Os países do sul da Europa, entre os quais Portugal, são os que apresentam uma maior percentagem de avós a cuidar de netos a tempo inteiro, revela o estudo A prestação de cuidados pelos avós na Europa, publicado recentemente pela Fundação Calouste Gulbenkian. Entre os 11 países estudados, Portugal é o que apresenta a mais elevada percentagem de mães com filhos com idades inferiores a seis anos que trabalham a tempo inteiro, o que justifica, em parte, a maior dependência dos cuidados intensivos prestados pelos avós.

Os autores concluem que esta tendência relaciona-se com a falta de creches e infantários a preços acessíveis, limitadas prestações sociais pagas aos pais, e poucas oportunidades para as mães trabalharem a tempo parcial. No entanto, a socióloga Karin Wall considera “abusiva” a explicação e lembra que a rede de infantários tem crescido nos últimos anos e que a escola primária em Portugal é a tempo inteiro. A investigadora confere que a geração de avós dos últimos dez anos tem tomado conta dos netos a tempo inteiro, mas afirma que a situação está a mudar.

“Agora há uma aceitação geral de que a criança com dois ou três anos deve ir para o jardim-de-infância”, afirma. Cerca de 40% das crianças são criadas em creches e infantários, portanto, os avós continuam a dar apoio no dia-a-dia, mas já não substituem o cuidado e o acompanhamento pedagógico profissional. No entanto, um terço das crianças, sobretudo antes de irem para a pré-escola, ainda são criadas pelos avós, que são uma solução ocasional “importantíssima”.
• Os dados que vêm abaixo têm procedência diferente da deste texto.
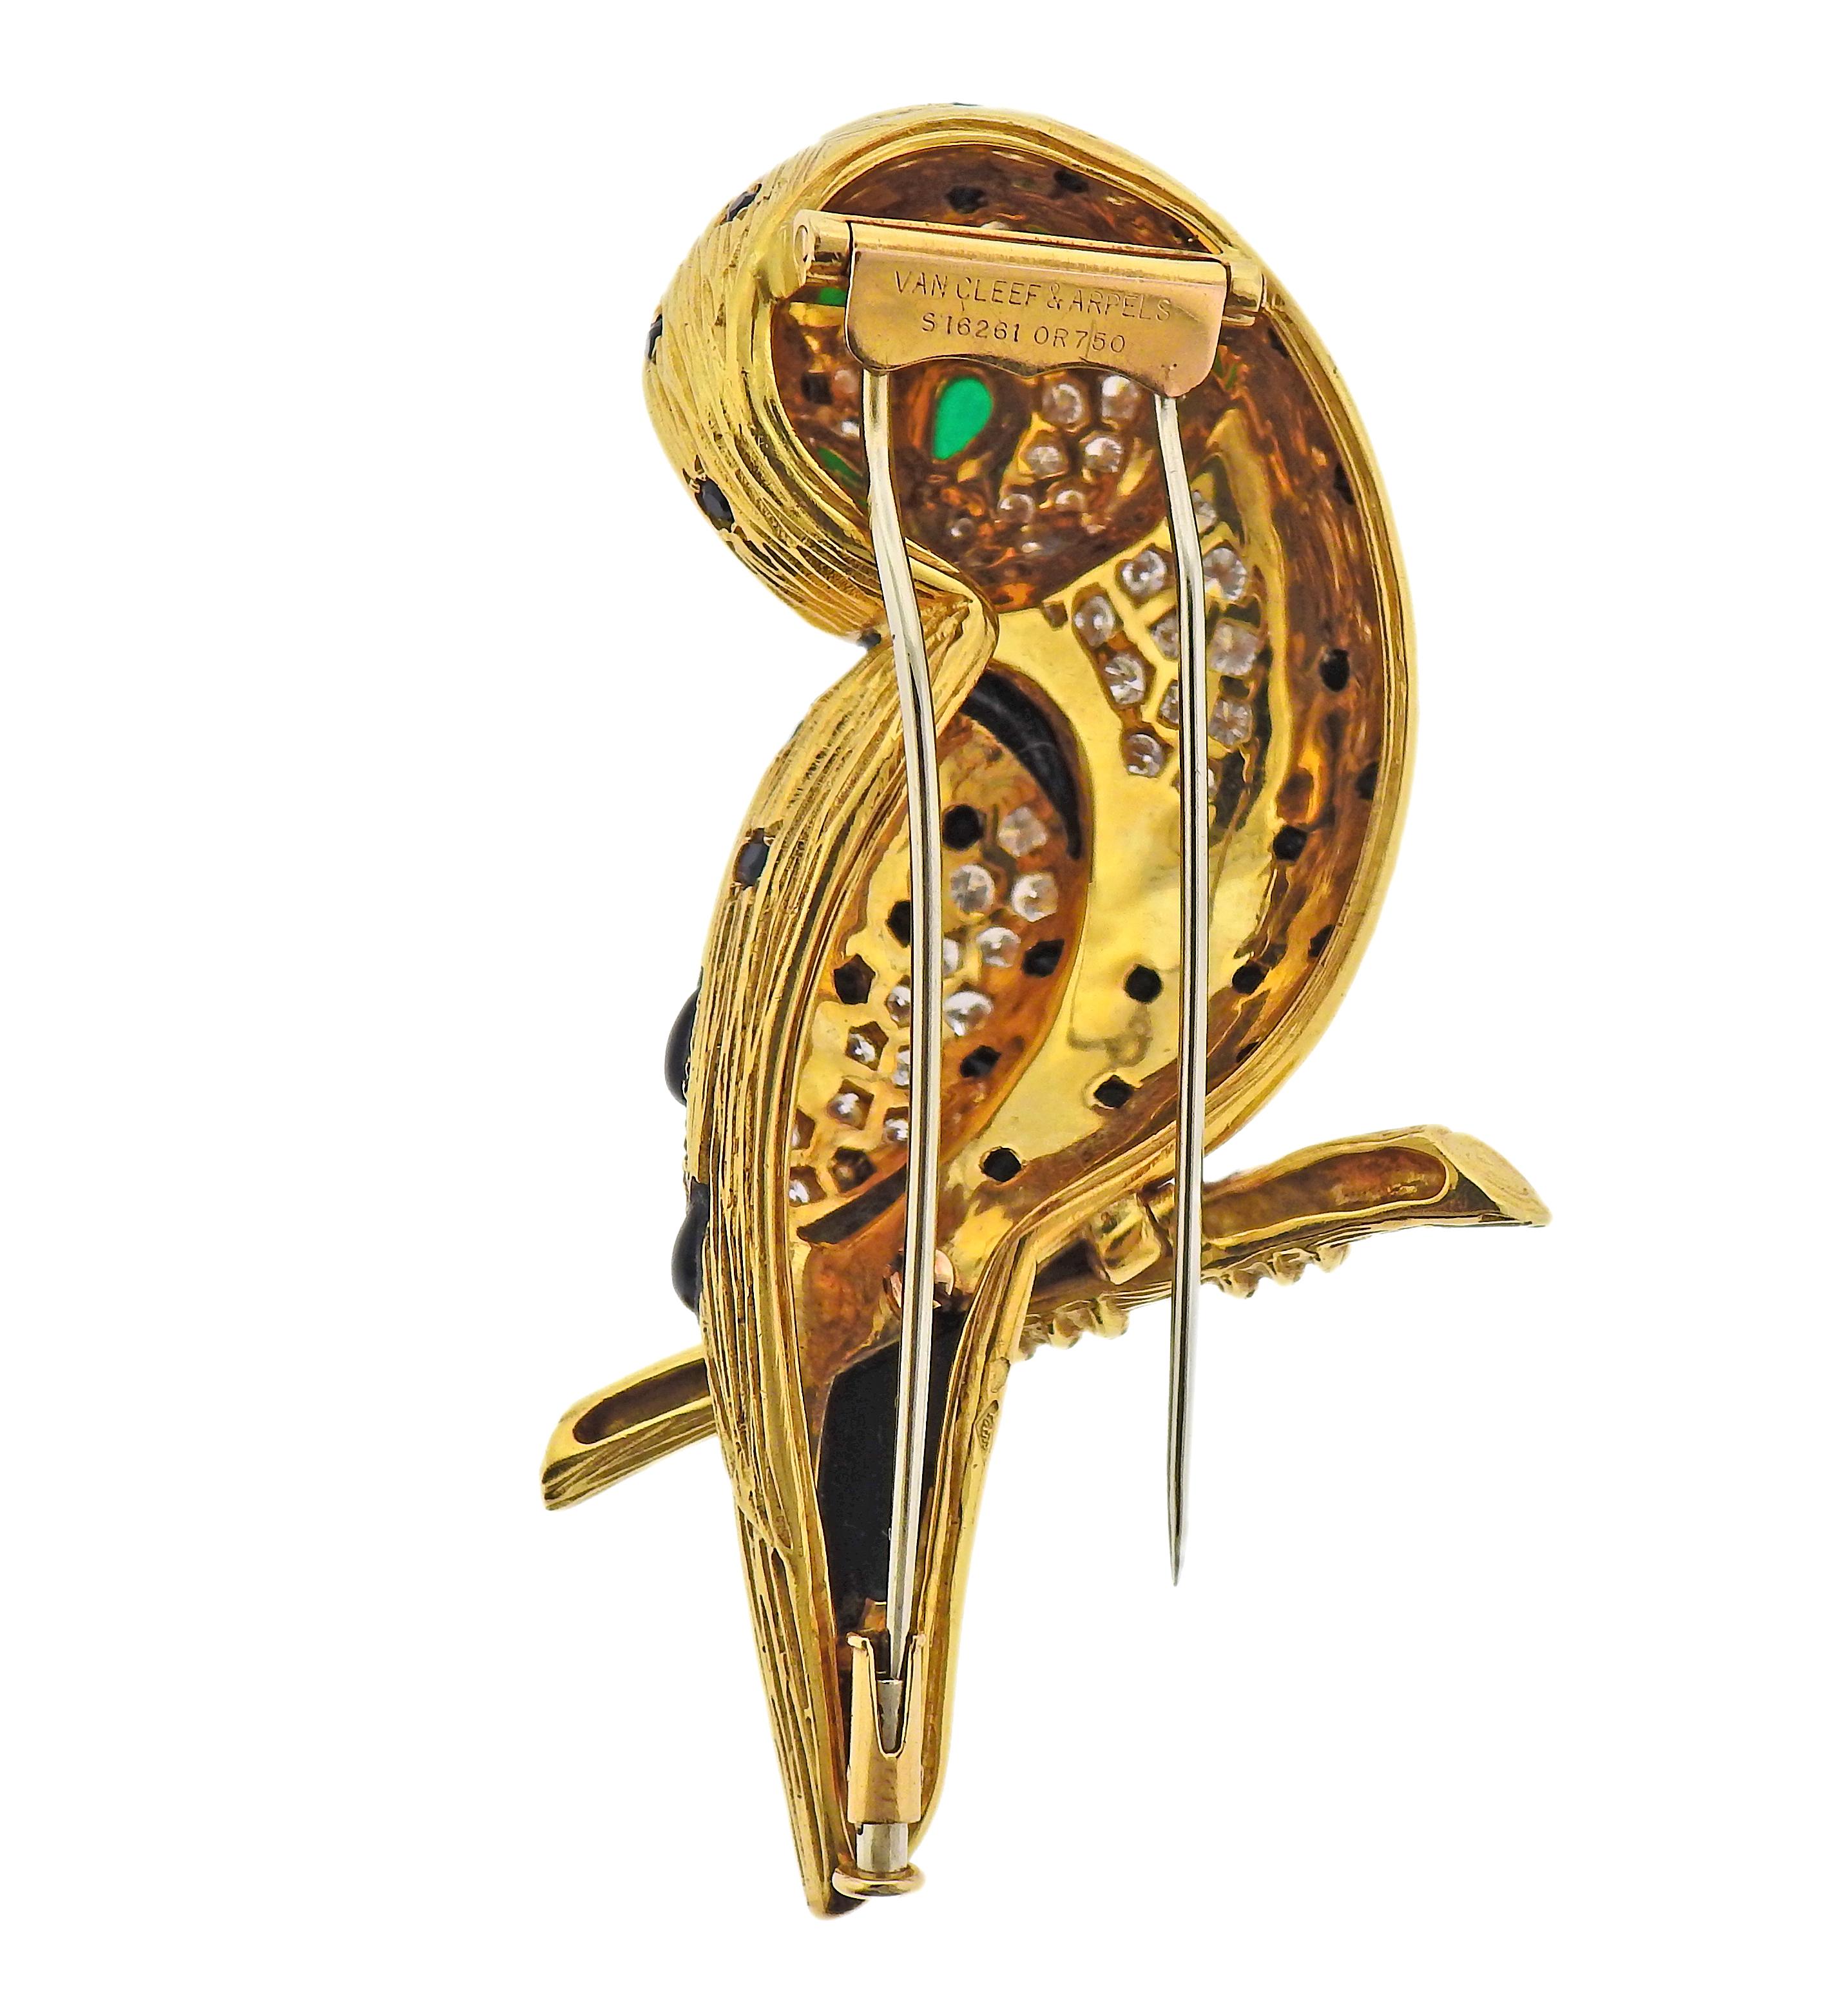 Van Cleef & Arpels 18k gold owl brooch, decorated with emerald cabochon eyes, onyx and approx. 2.20cts in diamonds. Brooch measures 62mm x 32mm. Marked: Van Cleef & Arpels, S16261,  or750. Weight - 35.9 grams.
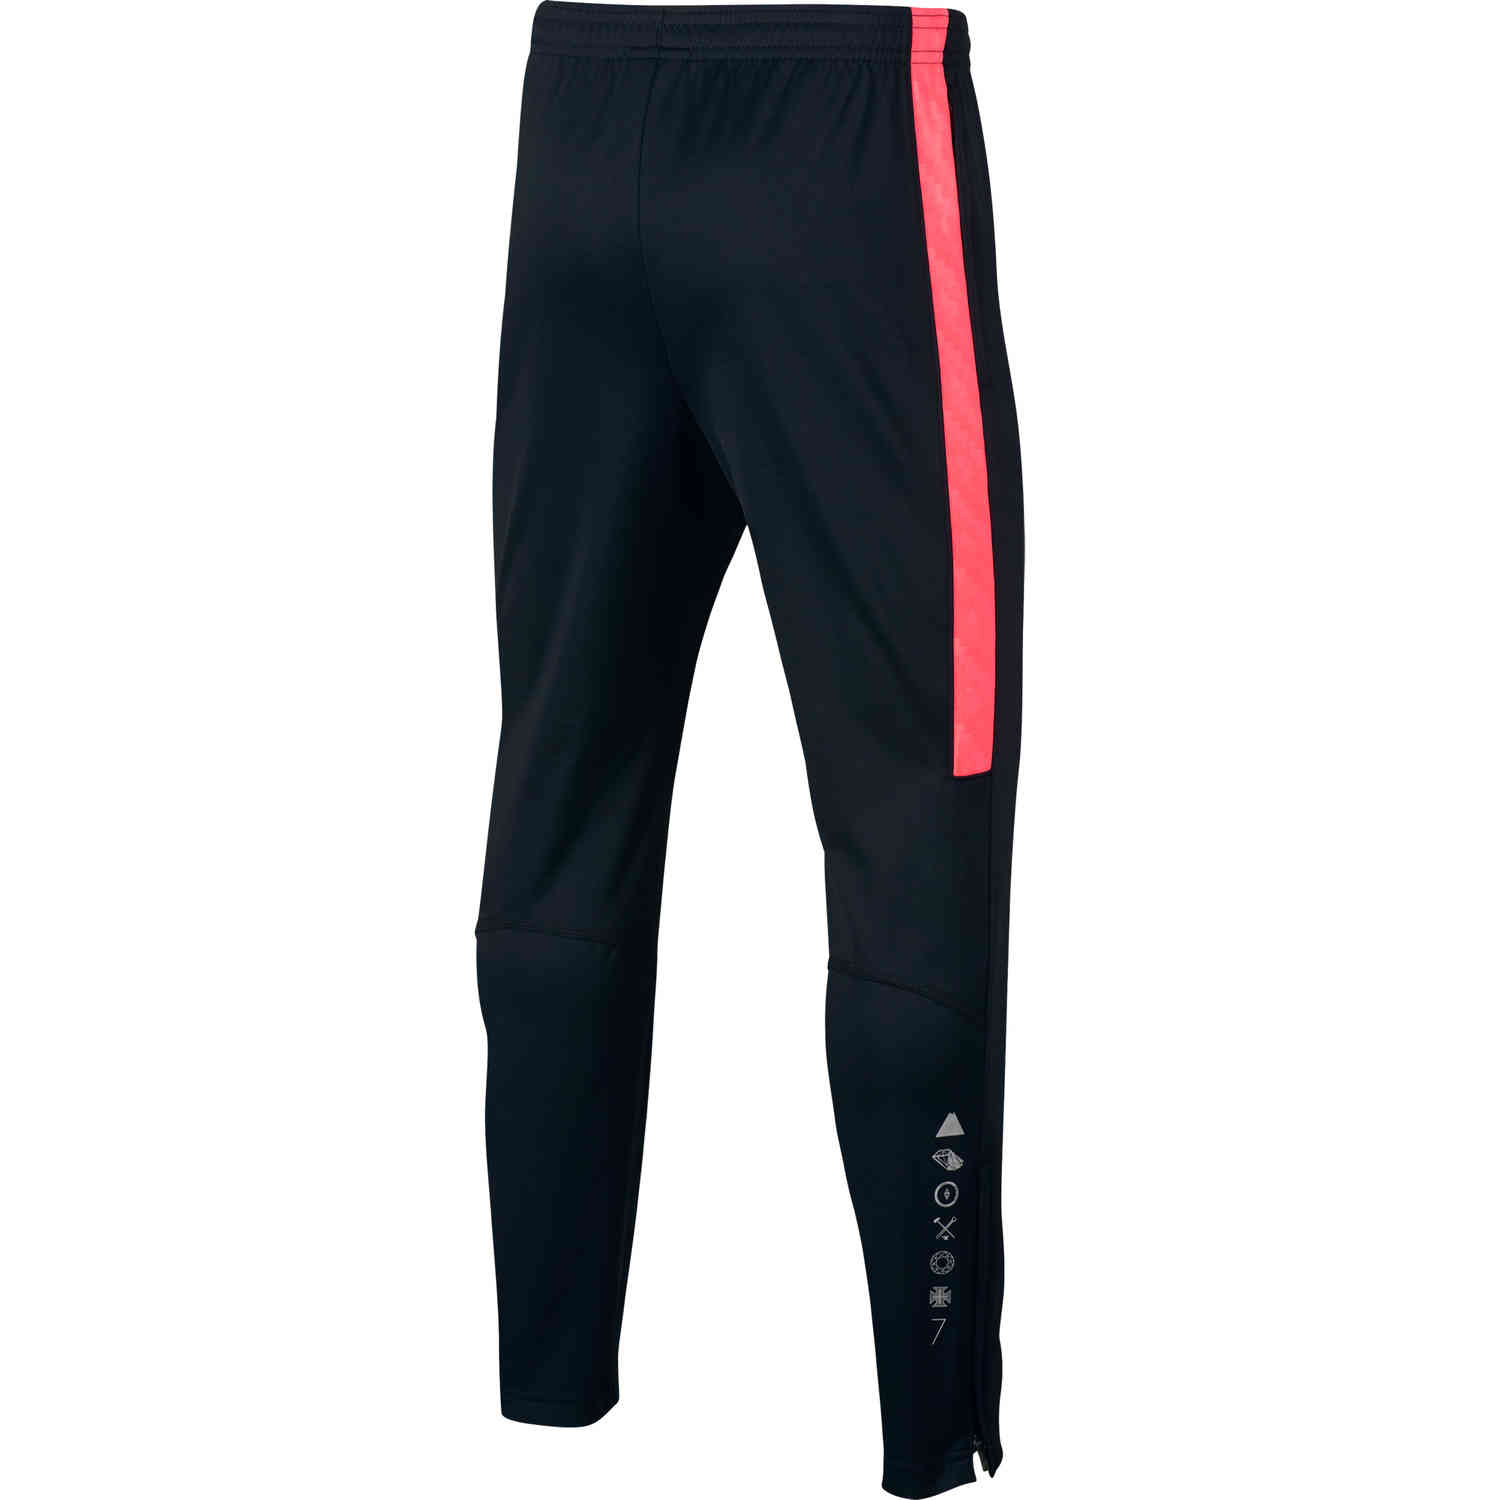 Whitney Siege Whirlpool Nike CR7 Dry Pant - Youth - Black/Hot Punch - SoccerPro

É o caso, por exemplo, de Teresa Brandão, agora com quatro anos. Passava os dias “e até as noites” com a avó Maria José e o avô Costa, mas ao completar três anos foi para a pré-escola. “Deixou-me muita pena”, lamenta a avó “Zeza”, recordando como passavam os dias em brincadeiras e a contar histórias com lições de vida. “A Teresa é uma terceira filha para mim, usufruo mais dela e acompanho todos os seus passos”, explica, para recordar que com a sua filha "tinha que trabalhar”.

Karin Wall diz que esta é uma grande mudança nas famílias: “Os avós já não são uma figura de autoridade, querem brincar, cuidar, criar laços afectivos. Assumem um papel de vigilância dos filhos e netos, um pouco à rectaguarda”. No entanto, num cenário em que avós, filhos e netos convivem no mesmo agregado familiar, muitas vezes os avós adquirem um maior protagonismo e “substituem” os pais. O avô Costa e a avó Maria José garantem: “Mesmo quando os pais estão em casa, ela prefere estar na nossa casa. Quando cai e magoa-se, só chama pela avó”.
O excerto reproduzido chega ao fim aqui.